Newly issued final rules provide guidance regarding the shared responsibility (“pay or play”) requirements under Health Care Reform. While employers with at least 50 full-time employees (including full-time equivalents or FTEs) are generally subject to the requirements, the final rules provide transition relief for certain large employers with respect to all of 2015 and, for non-calendar plan years that begin in 2015, for the portion of that 2015 plan year that falls in 2016.

An employer is generally eligible for this transition relief if it satisfies the following conditions:

•Limited Workforce Size. The employer employs on average at least 50 full-time employees (including full-time equivalents or FTEs), but fewer than 100 full-time employees (including FTEs) on business days during 2014.

•Maintenance of Workforce and Aggregate Hours of Service. During the period beginning on February 9, 2014, and ending on December 31, 2014, the employer does not reduce the size of its workforce or the overall hours of service of its employees in order to satisfy the workforce size condition. (A reduction in workforce size or overall hours of service for bona fide business reasons will not be considered to have been made in order to satisfy the workforce size condition.)

•Maintenance of Previously Offered Health Coverage.
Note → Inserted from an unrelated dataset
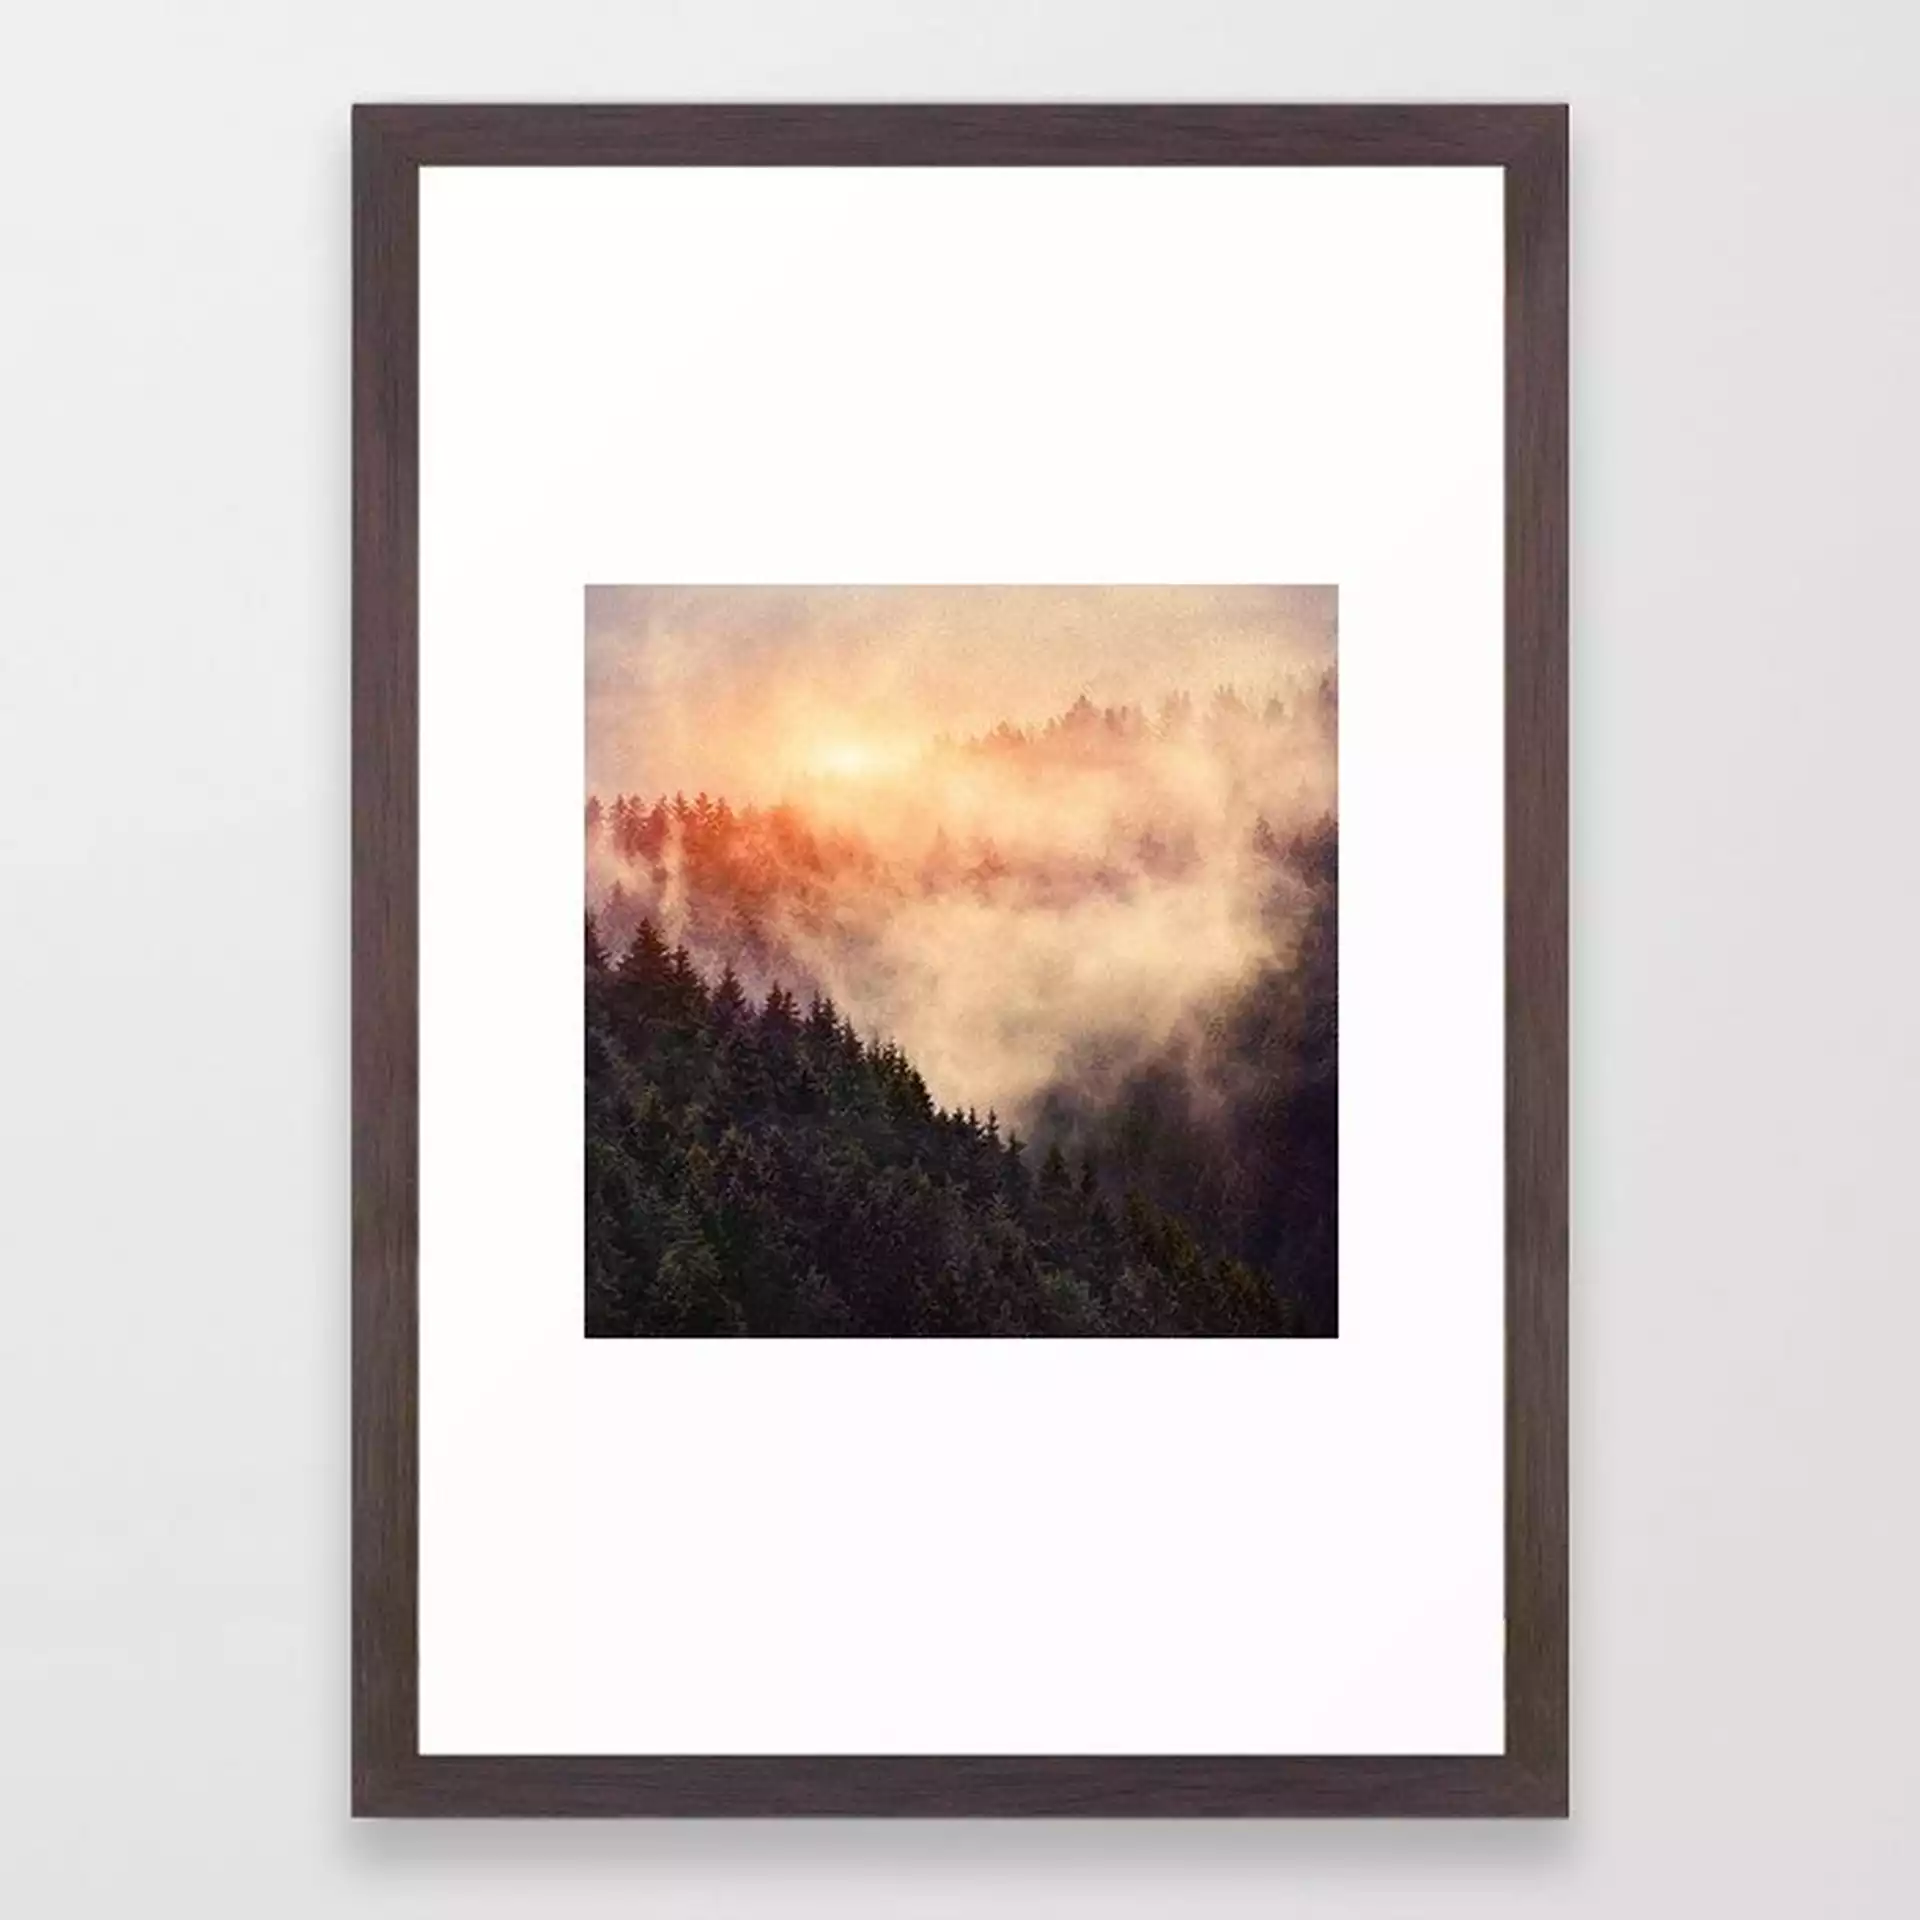 In My Other World Framed Art Print by Tordis Kayma - Conservation Walnut - SMALL-15x21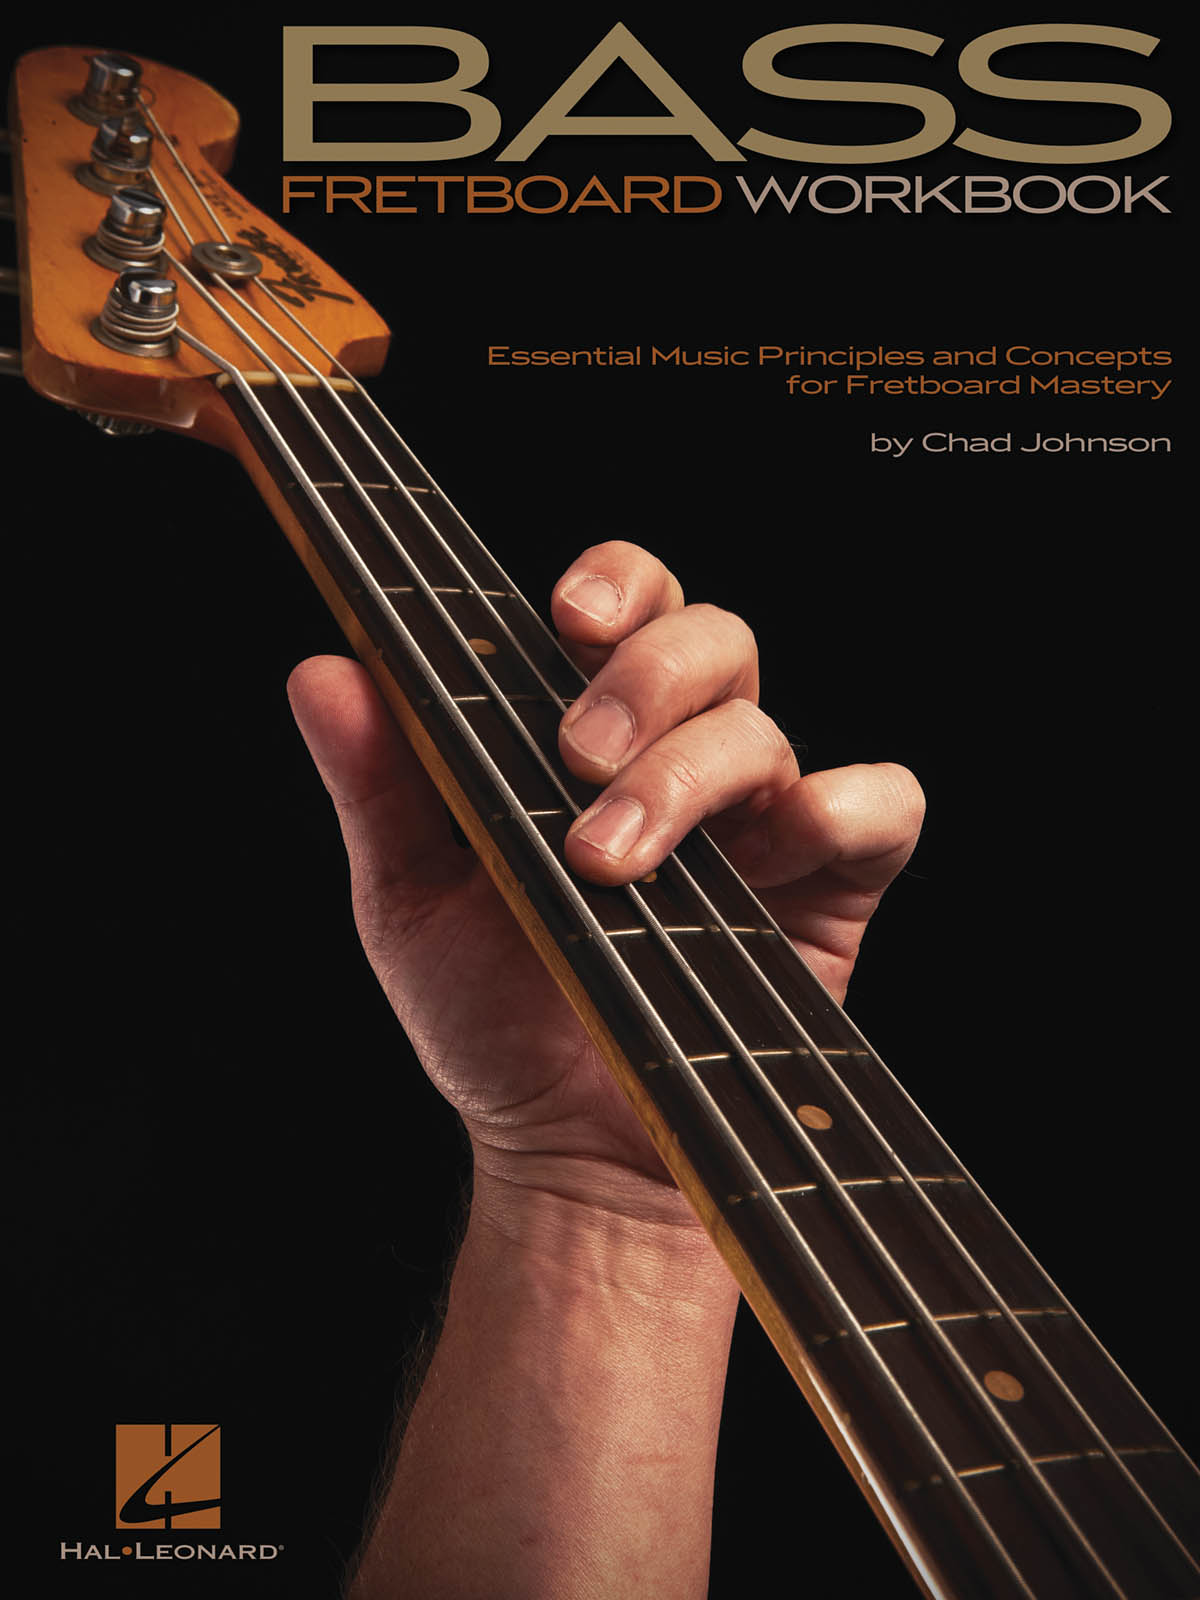 Bass Fretboard Workbook Essential Music Principles - Concepts for Fretboard Mastery - noty pro basovou kytaru

Except as expressly permitted, during the “coverage maintenance period” the employer does not eliminate or materially reduce the health coverage, if any, it offered as of February 9, 2014. “Coverage maintenance period” means:

  • For an employer with a calendar year plan, the period beginning on February 9, 2014, and ending on December 31, 2015, and
  • For an employer with a non-calendar year plan, the period beginning on February 9, 2014, and ending on the last day of the plan year that begins in 2015

•Certification of Eligibility for Transition Relief. The employer certifies on a prescribed form that it meets the eligibility requirements set forth above. Forthcoming final regulations related to employer information reporting are expected to provide that an employer subject to the requirements who qualifies for transition relief will provide this certification as part of the transmittal form it is required to file with the IRS.